*ASSIGNMENT*
The listing that follows should be copied in full and exactly, with no pictures.

*DATASET SECTION*
----------

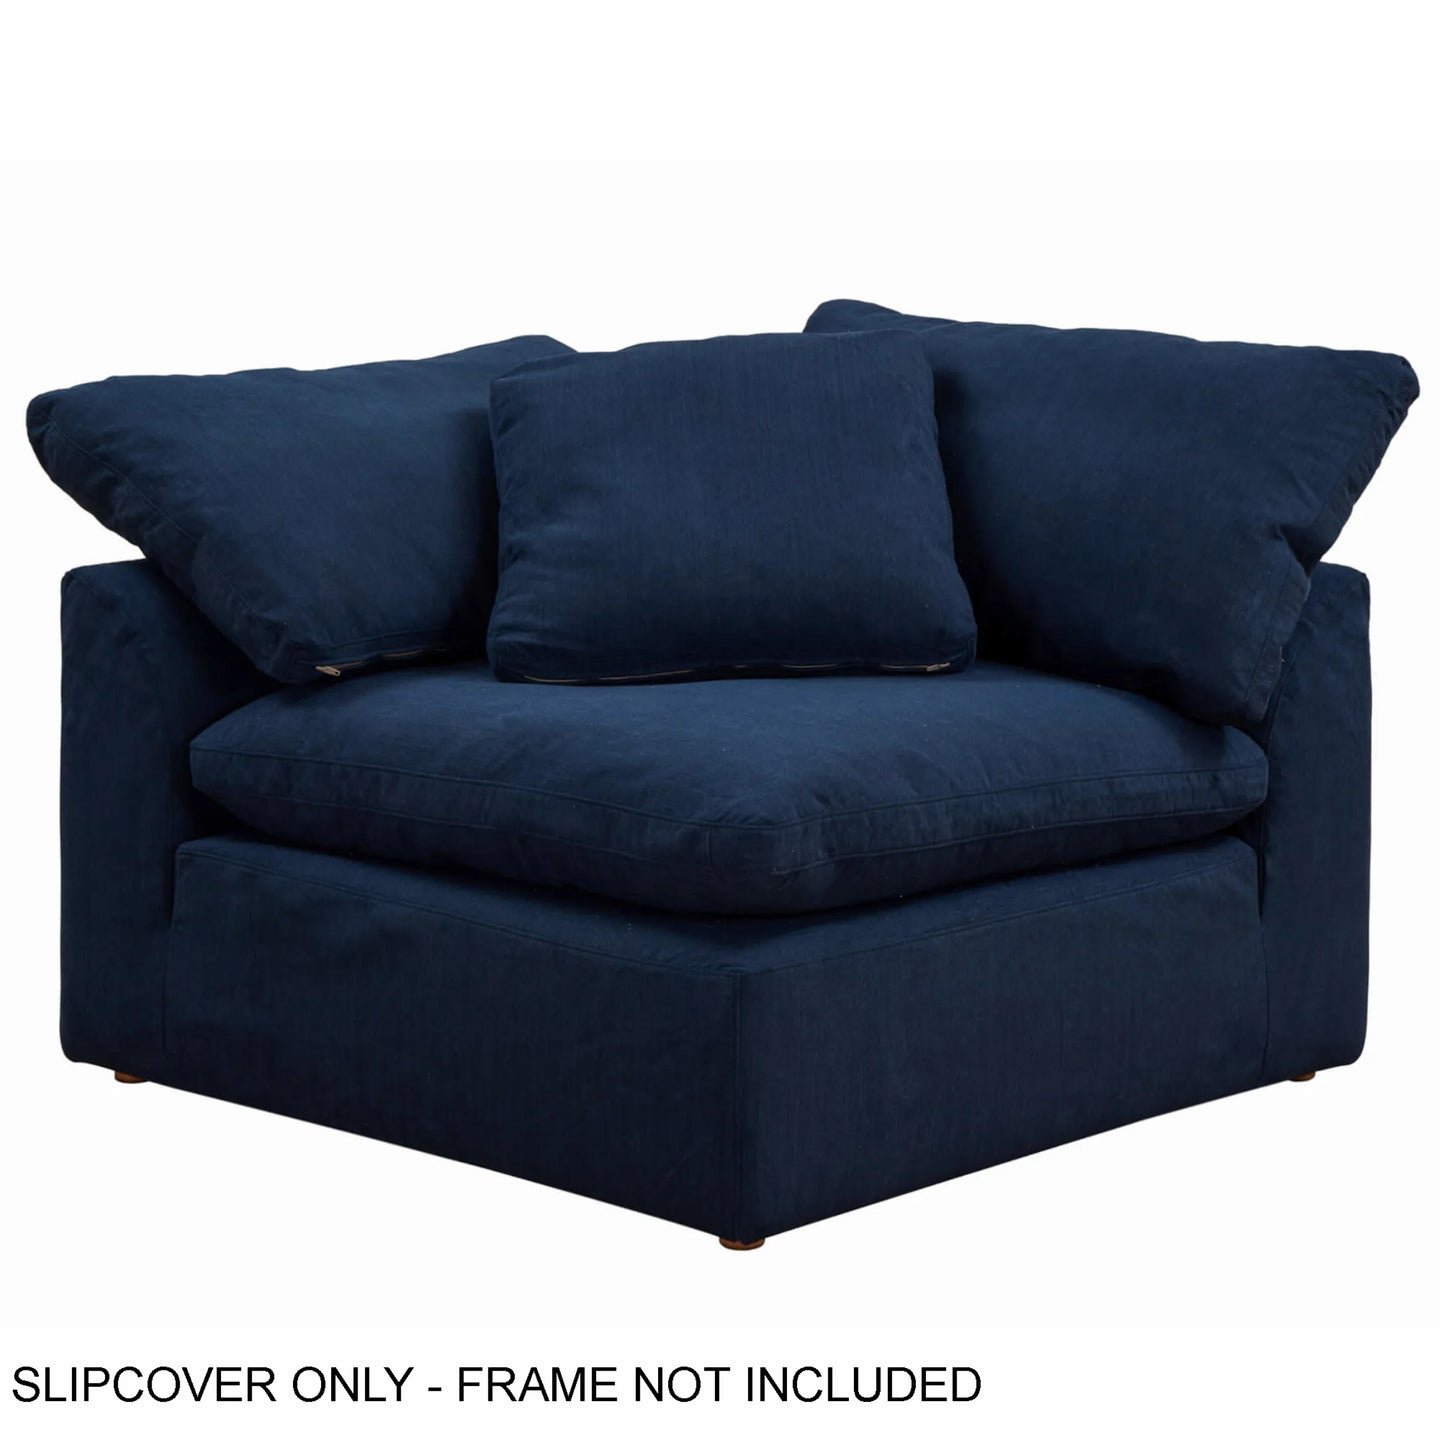 Sunset Trading Cloud Puff Slipcover for 5 Piece Modular Sectional Sofa | Stain Resistant Performance Fabric | Navy Blue
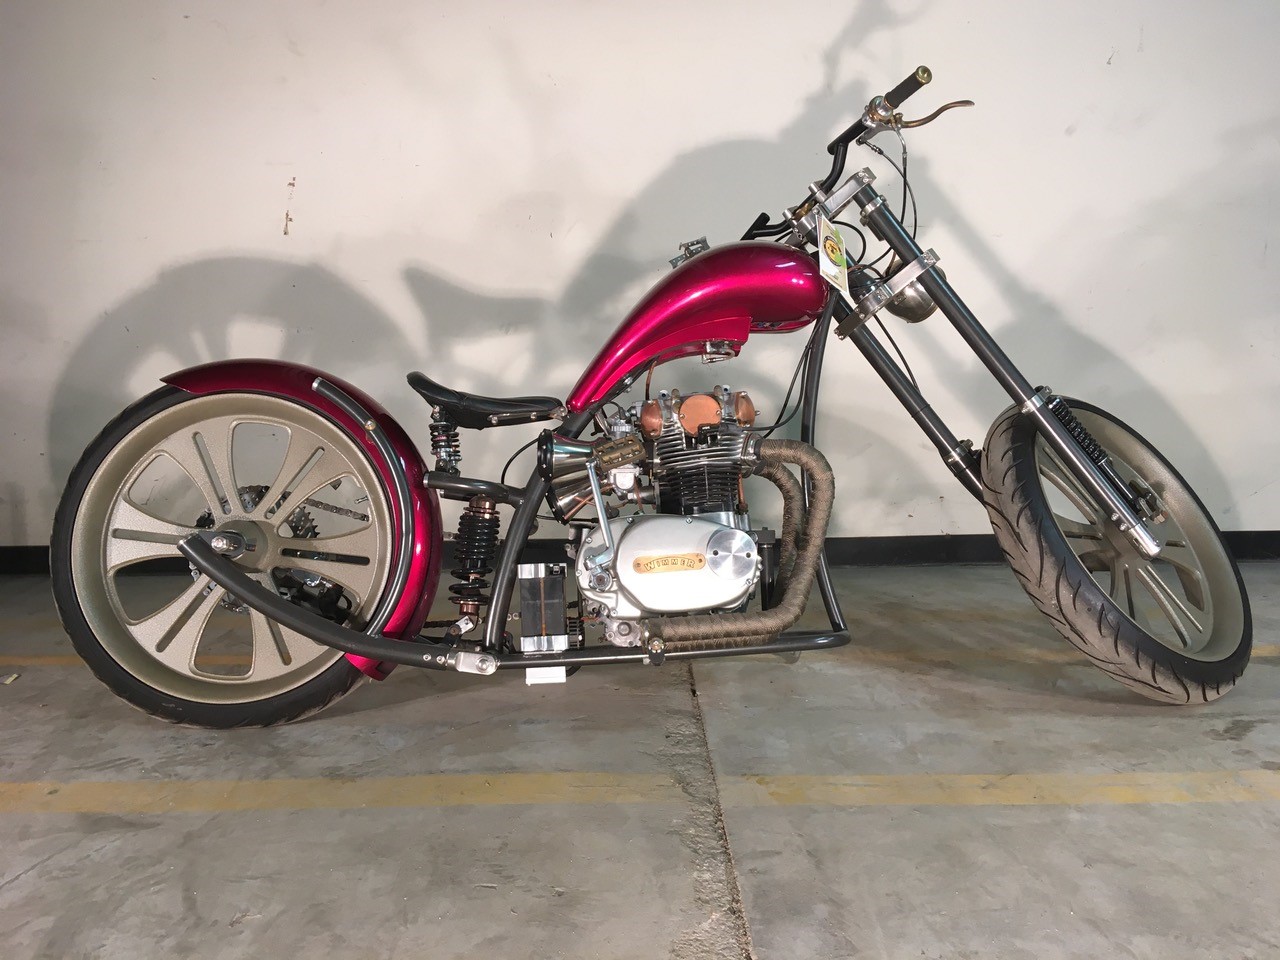 Vintage Motorcycle Auction & Open House! National Motorcycle Museum!  Call today to Consign!  - image 2
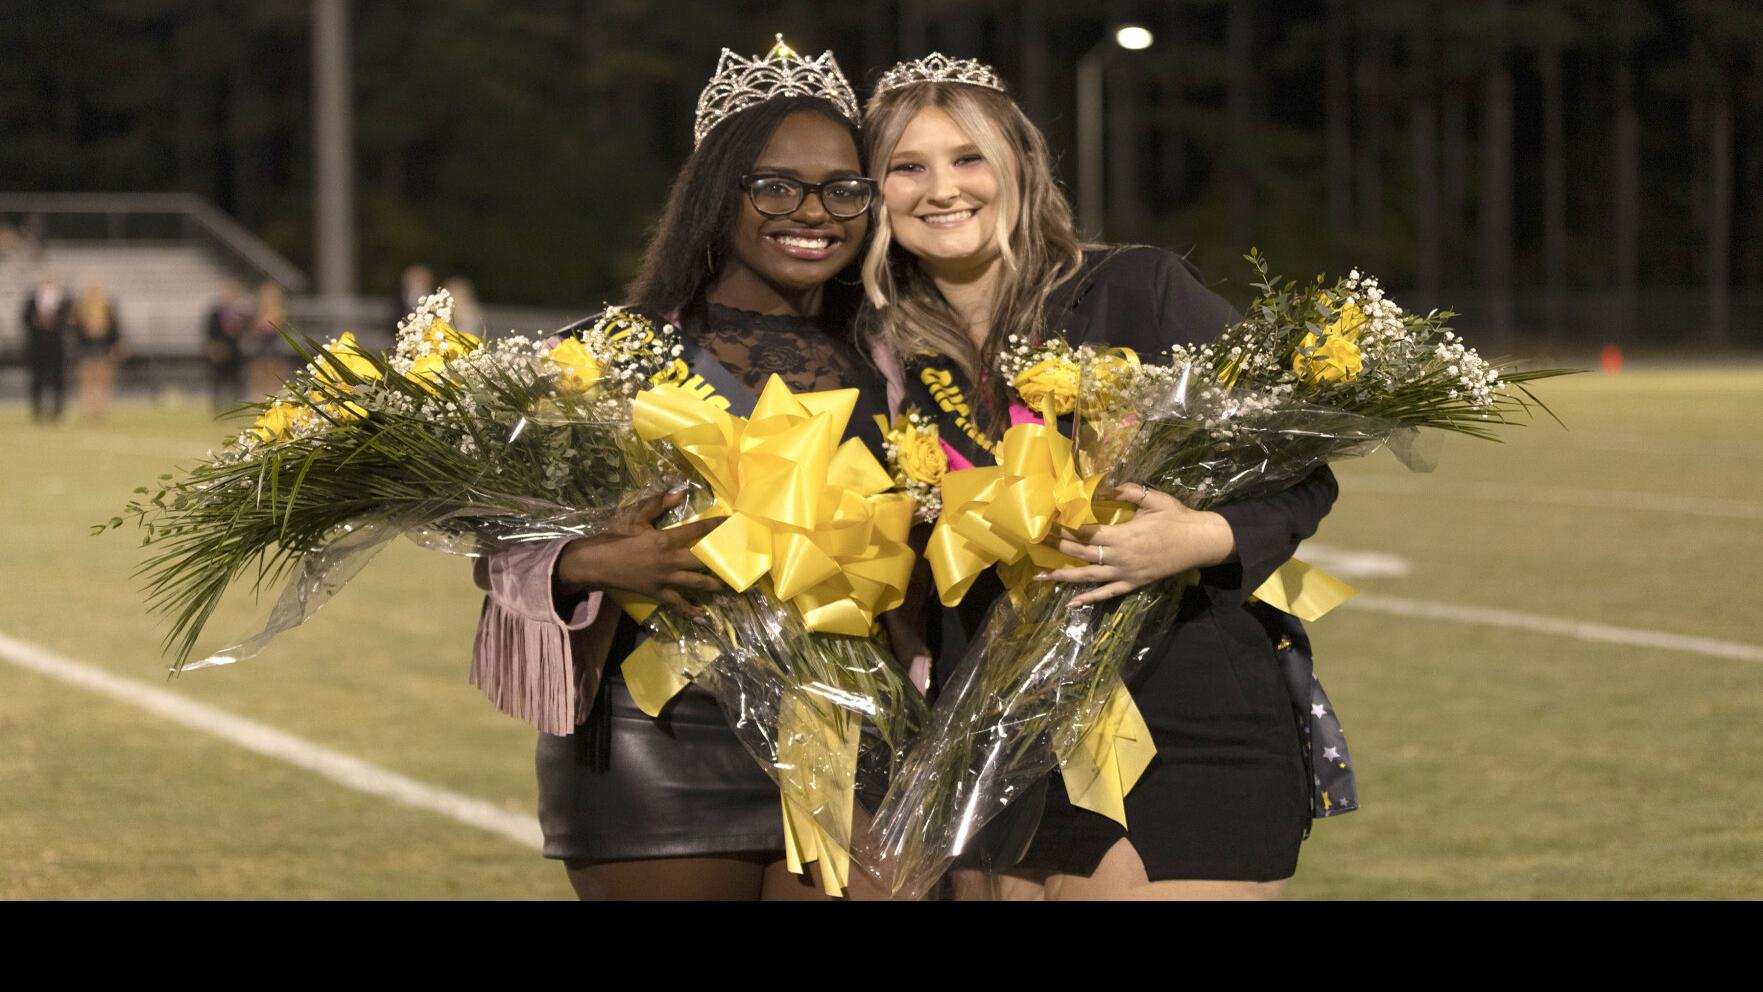 Homecoming queen and maid-of-honor named at Draughn homecoming
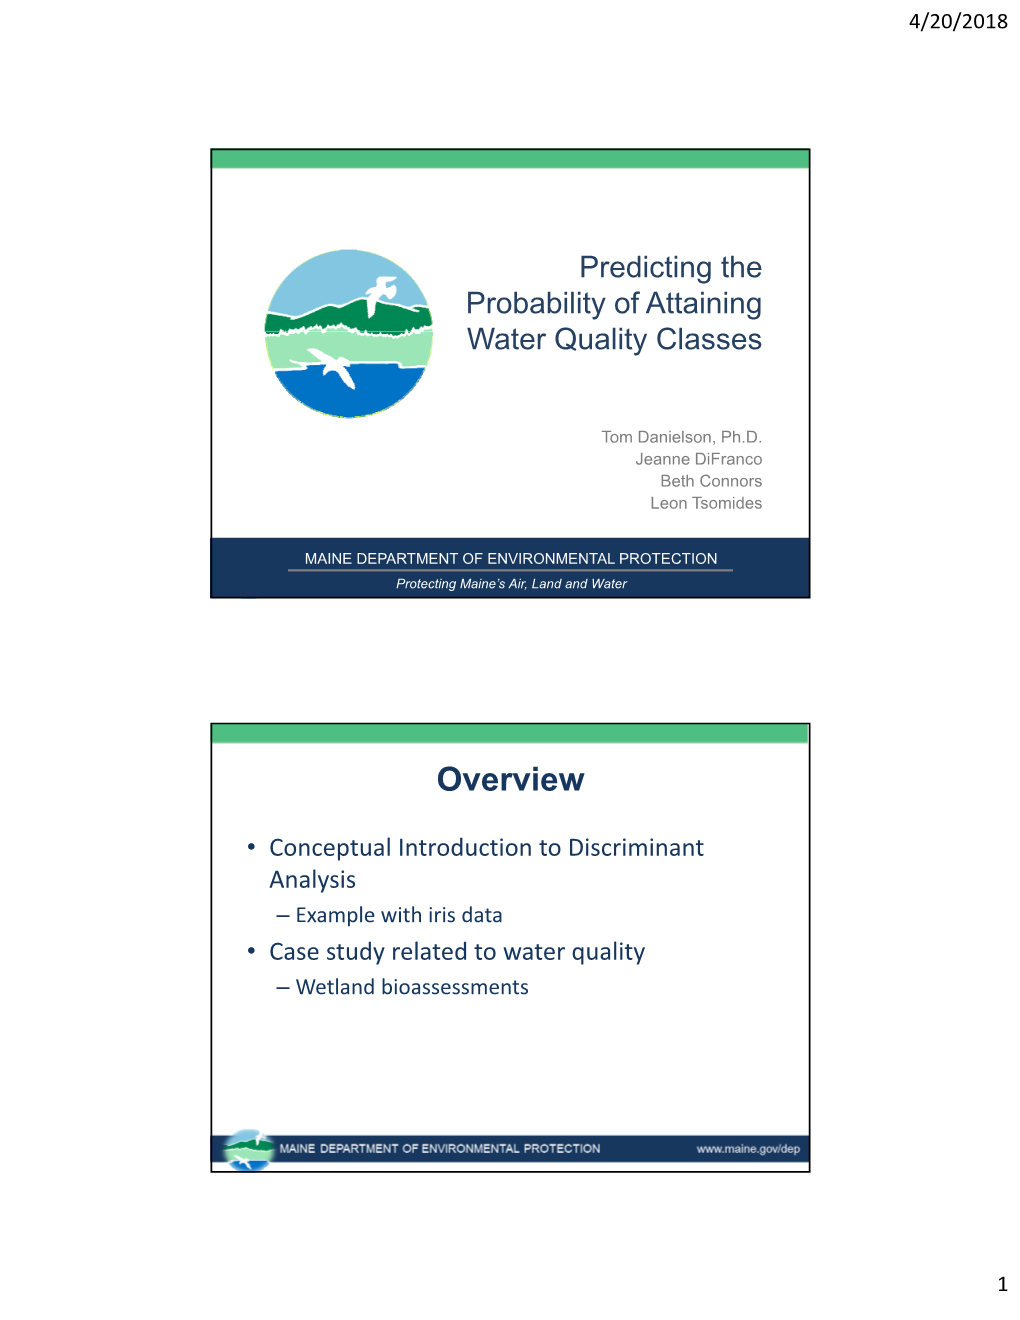 Predicting the Probability of Attaining Water Quality Classes

----------

*SOLUTION BELOW*
 Sunset Trading Cloud Puff Slipcover for 5 Piece Modular Sectional Sofa | Stain Resistant Performance Fabric | Navy Blue
 Vintage Motorcycle Auction & Open House! National Motorcycle Museum!  Call today to Consign!  - image 2
 Homecoming queen and maid-of-honor named at Draughn homecoming
 Predicting the Probability of Attaining Water Quality Classes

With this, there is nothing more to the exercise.